If you are breeding new varieties and want to save the seeds, simply snip the petals off with vegetable shears, about 7 mm above the base of the petals.
12 Jun, 2010
How does one work with the seeds? How long does it take to produce an iris from seed? I have one (see latest photos) which I would like to try getting seeds from though I realise I can also multiply by cutting the rhizomes in due course.
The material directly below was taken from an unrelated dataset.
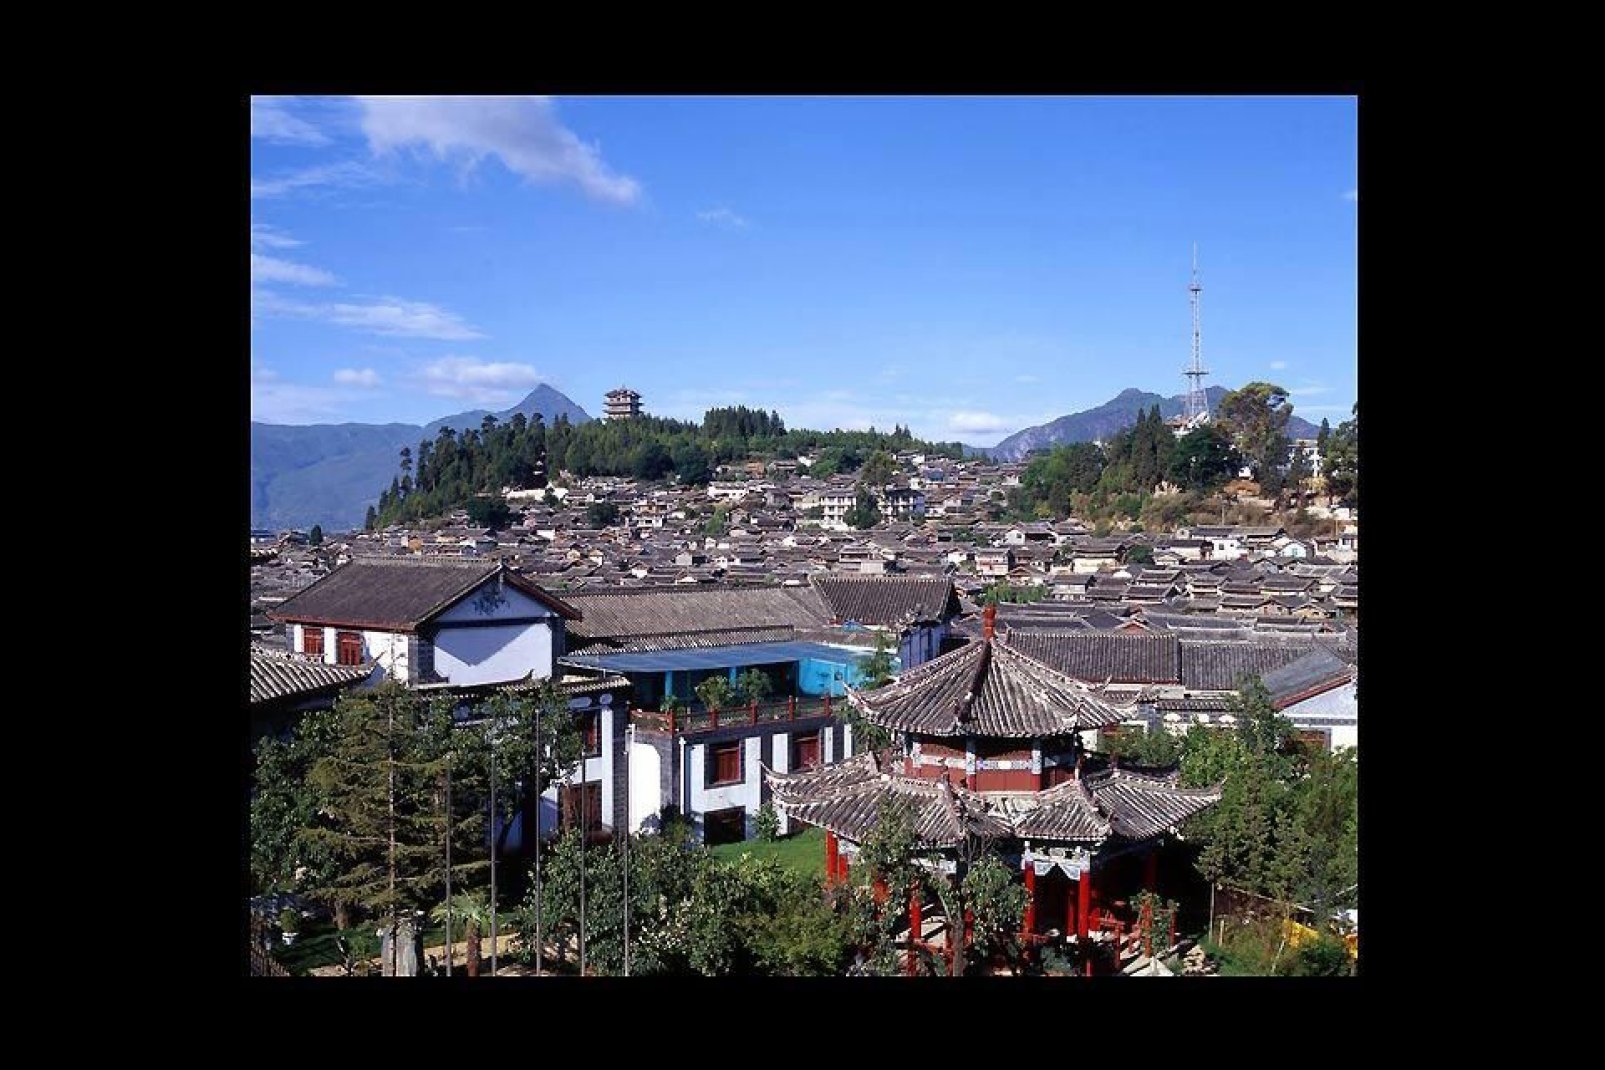 La città di Lijiang, nello Yunnan, è abitata principalmente da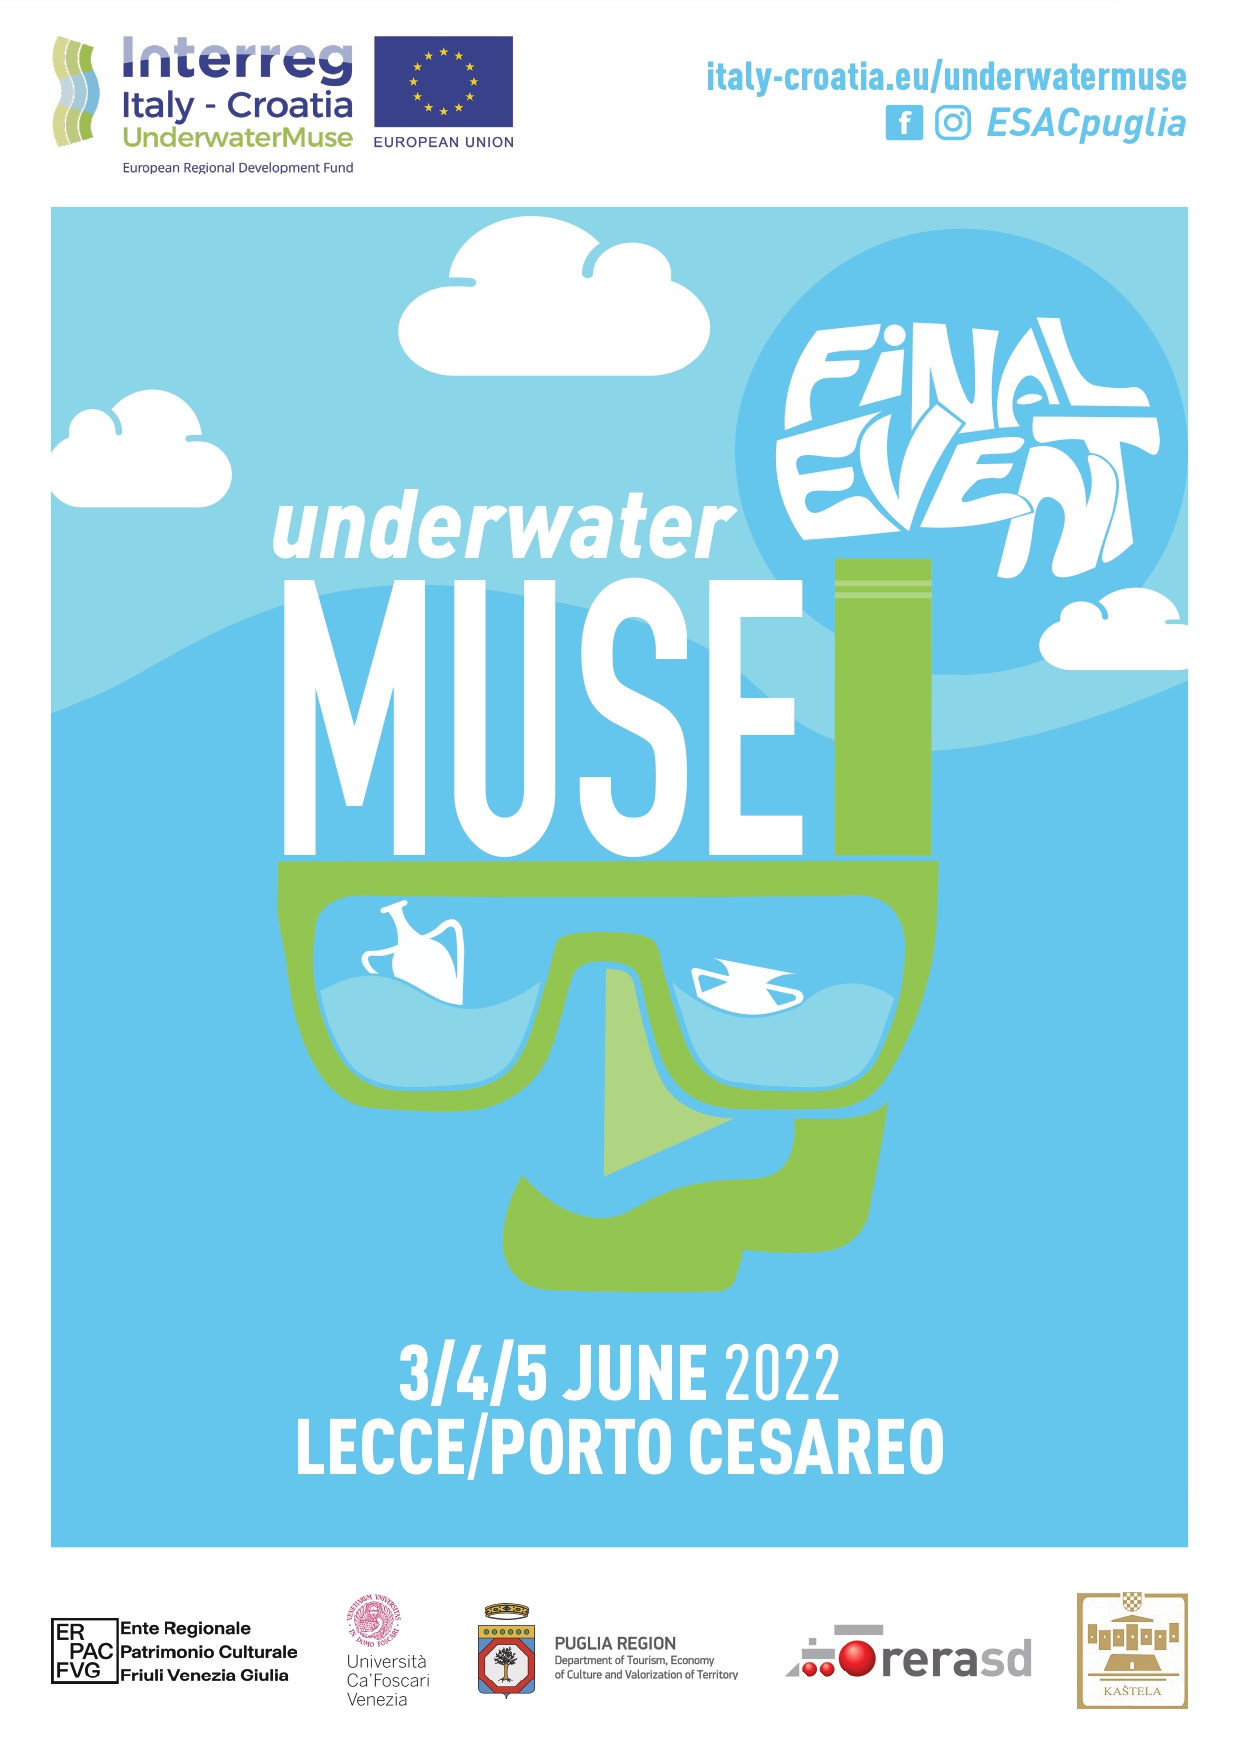 UnderwaterMuse Final event

Keep an eye on the pods, Cestina, and don't pick them until they are starting to turn brownish, and maybe splitting a bit. Once they're ready, pick them and put them in a paper bag to dry and open for about a week. Plant the seeds right away in a garden bed or seed pan, about 1/2 cm deep, and moisten them twice a day until they sprout--about 3 weeks. New seedlings look like onion seedlings, only more strap shaped. They should develop a few more leaves before winter, and should be left out through the winter, though with shelter, if started in a pot. Early next spring, set out the ones that were in a pot, and feed all of them with a balanced fertilizer. Feed again in late July, to acommodate the fall growth spurt. You may get some blooms in 2012, but some of the best ones will wait until 2013 to bloom. Since modern bearded Iris are complex hybrids, probably all of the offspring are likely to be different from Mama and each other, most of them even better adapted to your climate than their parents were. Good luck in that, Cestina!
14 Jun, 2010
Many thanks Tugbrethil....I shall try.......and meanwhile there are always the rhizomes :-)
Thank goodness for them!
How do I say thanks?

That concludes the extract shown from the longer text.